As illustrated in Figure 3, the basic network of our proposed model is a pre-trained VGG-19 layer. VGG-19’s fully linked layers (layers after pool5) are replaced by two (1×1) convolution layers. Each of these convolution layers (conv6) employs ReLU activation, followed by a dropout layer with a probability of 0.8 (conv6 + dropout, as seen in Figure 3). This layer is followed by two separate branches of the decoder network. This follows from the assumption that the column region is a subset of the table region. As a result, the single encoding network can more accurately filter out active areas by integrating characteristics from both table and column regions. The (conv6 + dropout) layer output is delivered to both decoder branches. Additional layers are added to each branch to filter out the active zones. In the table branch of the decoder network, an extra (1×1) convolution layer, conv7 table, is employed before upscaling the picture with a sequence of fractionally strided convolution layers. The output of the conv7 table layer is additionally up-scaled with fractionally strided convolutions before being added to the pool4 pooling layer of the same dimension. The combined feature map is similarly up-scaled, and the pool3 pooling is attached to it. The finished feature map is then upscaled to match the original picture dimension. There is an extra convolution layer (conv7 column) with a ReLU activation function and a dropout layer with the same dropout probability in the other branch for identifying columns. Following a (1×1) convolution (conv8 column) layer, the feature maps are upsampled using fractionally strided convolutions. The pool4 pooling layer is merged with the up-sampled feature maps, and the resultant feature map is up-sampled and mixed with the pool3 pooling layer of the same dimension. Following this layer, the feature map is scaled to match the original picture. Multiple (1×1) convolution layers are employed before the transposed layers in both branches. The idea behind using (1×1) convolution is to reduce the dimensions of feature maps (channels) that are used in pixel class prediction because the output layers (output of encoder network) must have channels equal to the number of classes (channel with the highest probability is assigned to corresponding pixels) that are later up-sampled. As a result, the outputs of the two computational graph branches produce the mask for the table and column areas.

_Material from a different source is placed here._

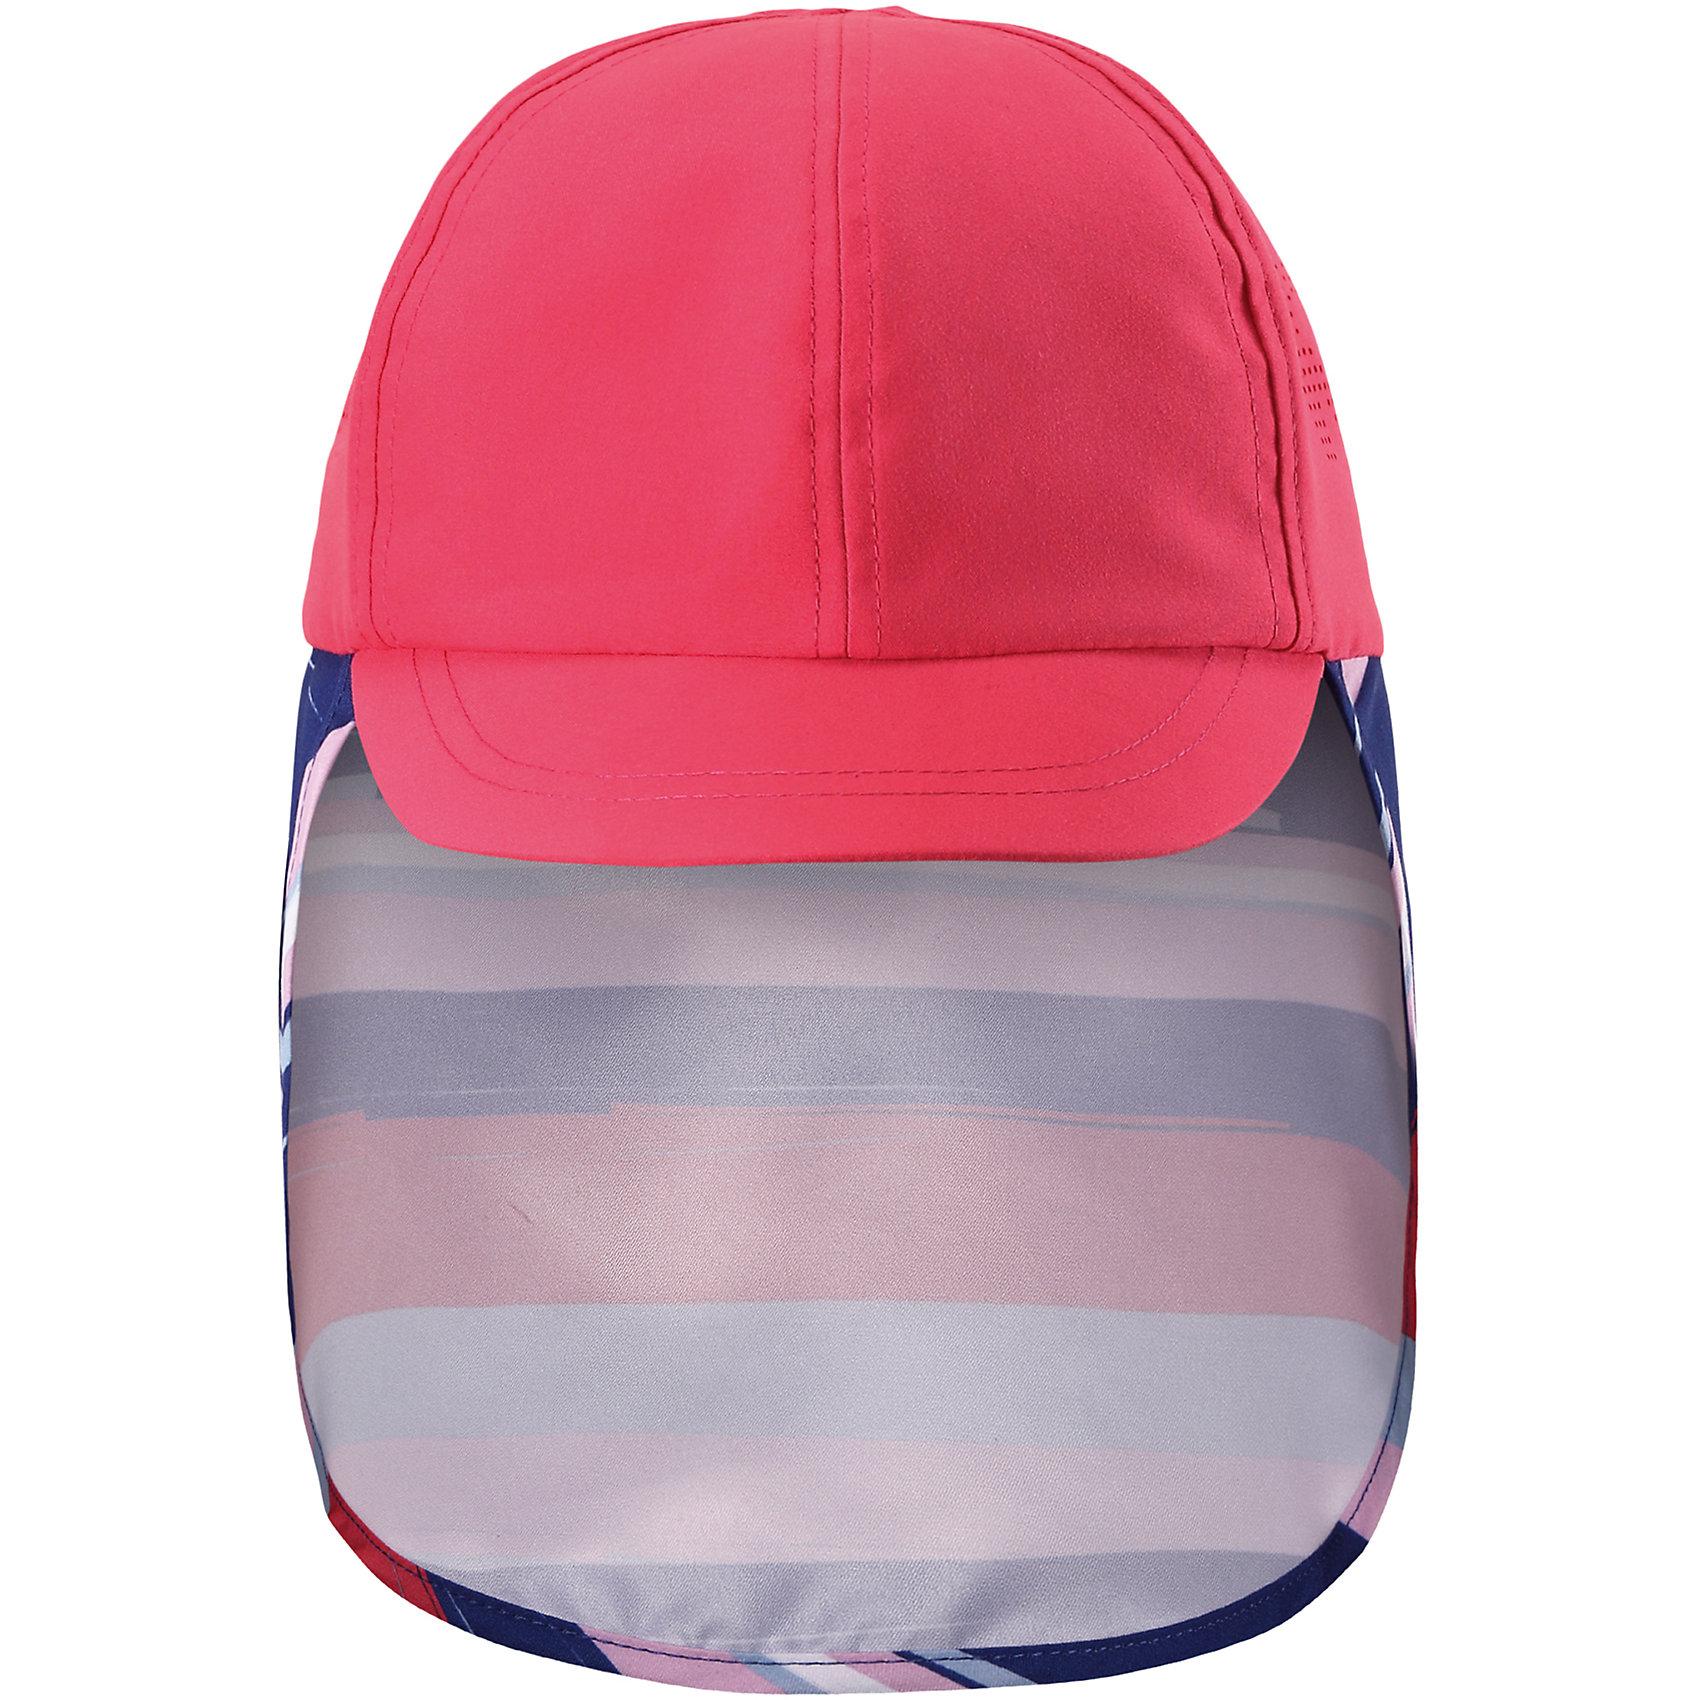 Панама Alytos для девочки ReimaШапки и шарфы<br>Характеристики товара:<br><br>• цвет: розовый<br>• состав: 100% полиэстер<br>• защитный козырек<br>• без подкладки<br>• удлиненная сзади<br>• декоративный логотип<br>• фактор защиты от ультрафиолета: 50+<br>• комфортная посадка<br>• страна производства: Китай<br>• страна бренда: Финляндия<br>• коллекция: весна-лето 2017<br><br>Детский головной убор может быть модным и удобным одновременно! Стильная панама поможет обеспечить ребенку комфорт и дополнить наряд. Она отлично смотрится с различной одеждой. Панама удобно сидит и аккуратно выглядит. Проста в уходе, долго служит. Стильный дизайн разрабатывался специально для детей. Отличная защита от солнца!<br><br>Одежда и обувь от финского бренда Reima пользуется популярностью во многих странах. Эти изделия стильные, качественные и удобные. Для производства продукции используются только безопасные, проверенные материалы и фурнитура. Порадуйте ребенка модными и красивыми вещами от Reima! <br><br>Панаму для мальчика от финского бренда Reima (Рейма) можно купить в нашем интернет-магазине.<br><br>Уход:<br>Стирать по отдельности. Полоскать без специального средства. Сушить при низкой температуре.<br><br>Ширина мм: 212<br>Глубина мм: 167<br>Высота мм: 106<br>Вес г: 62<br>Цвет: розовый<br>Возраст от месяцев: 6<br>Возраст до месяцев: 18<br>Пол: Женский<br>Возраст: Детский<br>Размер: 48,54,50,46,56,52<br>SKU: 5267785

TableNet generates masks for table and column areas after processing the documents. These masks are used to remove the image’s table and column sections. Because all word locations in the document have previously been determined (through Tesseract OCR), only word patches located within table and column areas are filtered out. A row may be defined as a collection of words from numerous columns that are at the same horizontal level using these filtered words. The lines in most tables with line demarcations segment the rows in each column. Every area between two vertically positioned words in a column is evaluated for the existence of lines using a Radon transform to detect probable line demarcation (rows). The use of horizontal line delineation neatly separates the row. If a row spans many lines, the table rows with the most non-blank items are designated as the starting point for a new row. In a multicolumn table, for example, certain columns may have entries that span just one line (such as amount), whereas others may have multi-line entries (like description, etc.). As a result, each new row begins when all of the entities in each column have been filled. In tables with no line demarcations and all columns entirely filled, each line (level) can be seen as a distinct row.

(a) Figure showing the raw document image. (b) Generated table mask after processing. (c)Generated column mask after processing. Fig. 4: Sample document image and its output masks generated after processing from TableNet [7].

The Marmot [8] table recognition dataset was leveraged to train the model. The dataset was annotated manually by identifying the bounding boxes around each column within the tabular section. The manually annotated improved dataset for table structure identification is freely published under the name Marmot Extended [7].

A. Providing Semantic Information

As demonstrated in Figure 3, spatial semantic information has been introduced by illuminating the words with patches. Histogram equalization is applied to the document pictures first. The word blocks are retrieved using tesseract OCR after preprocessing. The color of these word patches is determined by their fundamental data type. The changed photos that result are sent into the network. The TableNet model takes the input picture and creates distinct binary mask images for the table and columns. The obtained result is filtered using rules defined by the identified table and column masks. Figure 4 depicts an example of the generated output.

B. Training Data Preparation for TableNet

The word patches are color-coded to give the model basic semantic type information. To obtain all of the word patches in the picture document, the image is first processed with tesseract OCR. The words are then parsed using regular expressions to determine their data type. The idea is to color the word boundary boxes in order to provide both semantic and geographical information to the network. Each data type has its own color, and the bounding boxes of words with comparable data kinds are tinted in the same color. To eliminate false detections, word bounding boxes are filtered out. These altered document pictures are then utilized for instructional purposes [7].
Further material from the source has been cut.